Replace the map implementation in the golang standard library, SwissTable is faster?

In the latest instalment of the Go dev team’s weekly meeting, they discuss Google3 re-evaluating the performance of SwissTable, and that it might be worth following up with a replacement for the standard library map.

SwissTable

[MichaelP]: Google3 may want to do some benchmarking on this. Maps are used heavily in google3. This may be of value to us.

So this may be worth investing in.

Some people may not understand SwissTable (or called Swiss Tables) is what Google3 and what?

Google3 may be familiar to people inside Google, but the concept is rarely introduced outside. Google3 refers to Google’s large code repository (monorepo), 95% of Google’s code is in this large repository, except for Chrome and Android and other special projects.

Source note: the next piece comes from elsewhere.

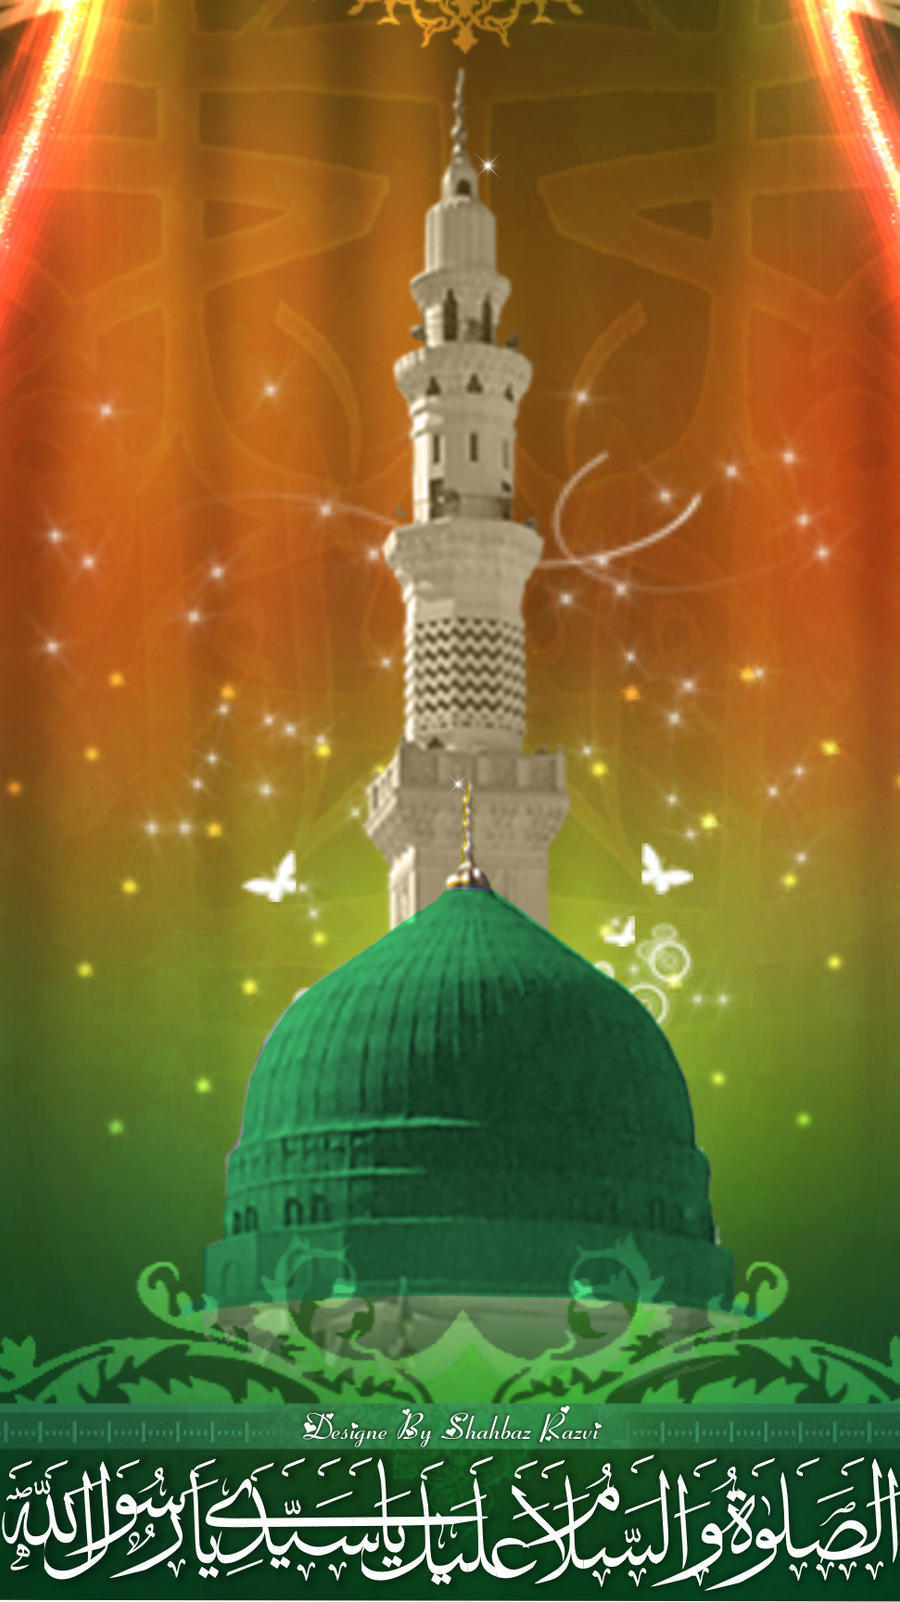 Islamic Wallpaper Hd By Shahbazrazvi On Deviantart

SwissTable is a Google open source implementation of a hash table (hash table, map), announced out at cppcon 2017, which is heavily used internally by Google to replace std::unordered_map , which is very efficient due to its compact design, and it has also been ported to other languages, for example, Rust has a library hashbrown based on the SwissTable implementation, and in Rust 1.36 started to replace the standard library HashMap.

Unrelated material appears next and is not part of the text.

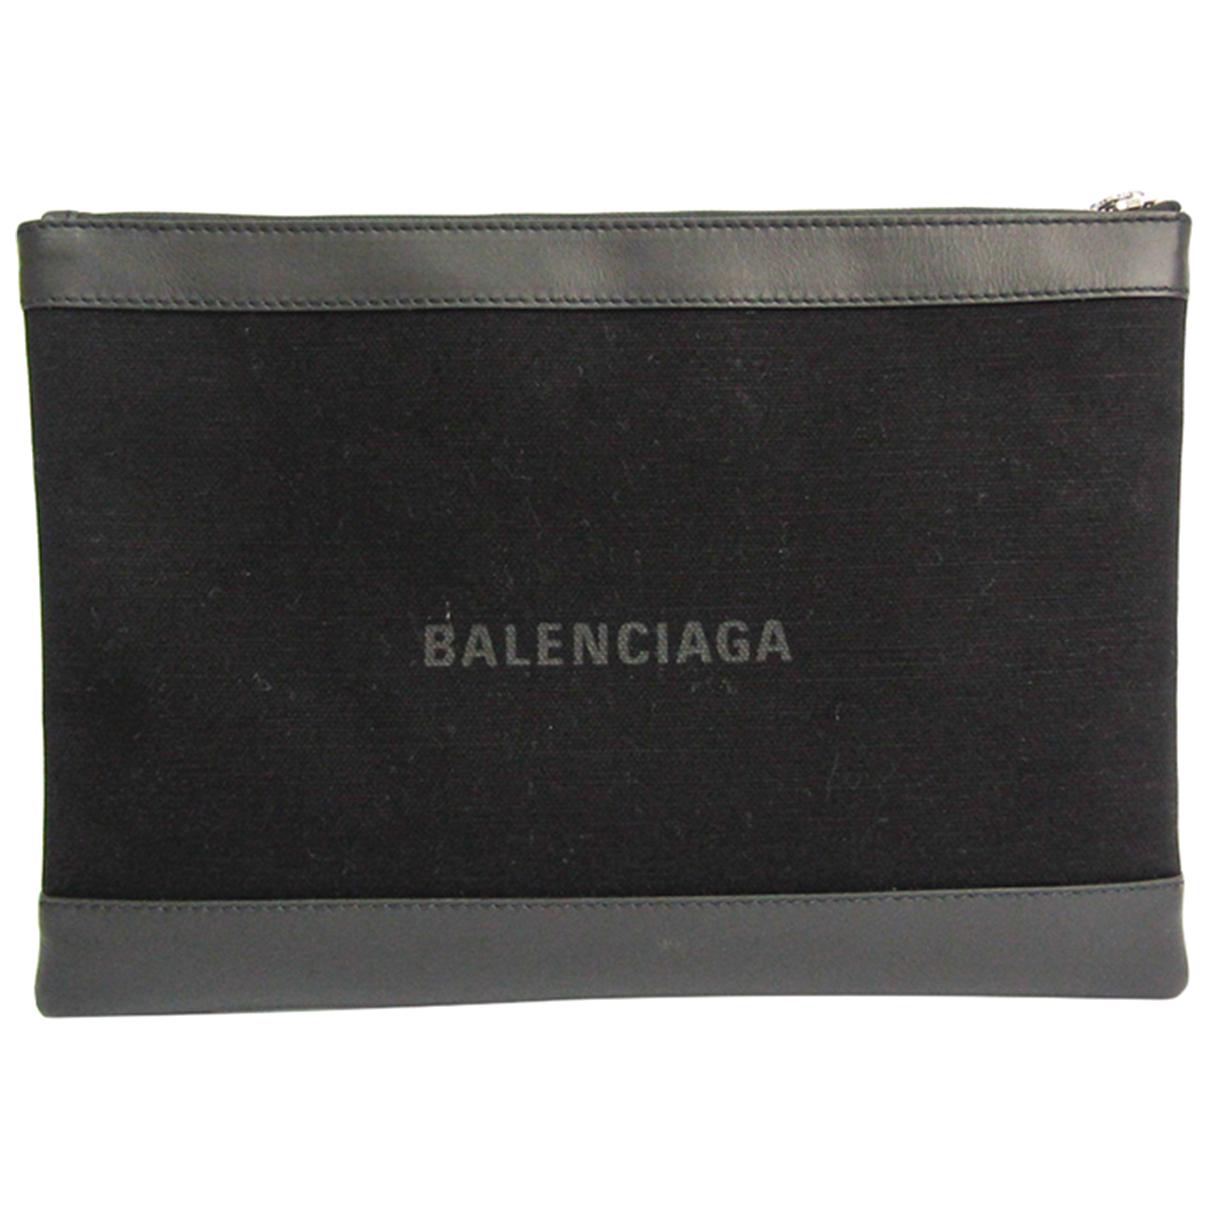 Balenciaga \N Clutch in  Schwarz Leinen

The official documentation and some developers’ notes describe the benefits of SwissTable, such as

Swiss Tables Design Notes
Swisstable, a Quick and Dirty Description
Swisstable: a faster hash table than std::unordered_map in C++.

So Go development team also began to focus on SwissTable, perhaps in a future version to implement it and replace the standard library map, after all, these basic data types and algorithms will help millions of people use Go to do the development of the project, such as sorting algorithms, for example, last year bytedance developers submitted a pdqsort algorithm, replacing the standard library sorting algorithms, now again! Someone proposed dual-pivot quicksort, according to the test performance is better and more concise, we have been using for decades these people have been the basic algorithms and data structures or tireless optimisation.

Although the Go development team is currently only focusing on and discussing SwissTable, and may not implement it in the future, the community has recently implemented SwissTable: swiss.

I introduced this author’s maphash in a post last year, and it looks like the author has been preparing for his SwissTable, and this year he submitted a Go implementation of SwissTable, which calculates hashes using his maphash.

The author has written an article about his swiss design, we can at least understand from this library how the Go language design SwissTable, but also in some optimisation scenarios you can privately use this library to replace the built-in map, as the author did.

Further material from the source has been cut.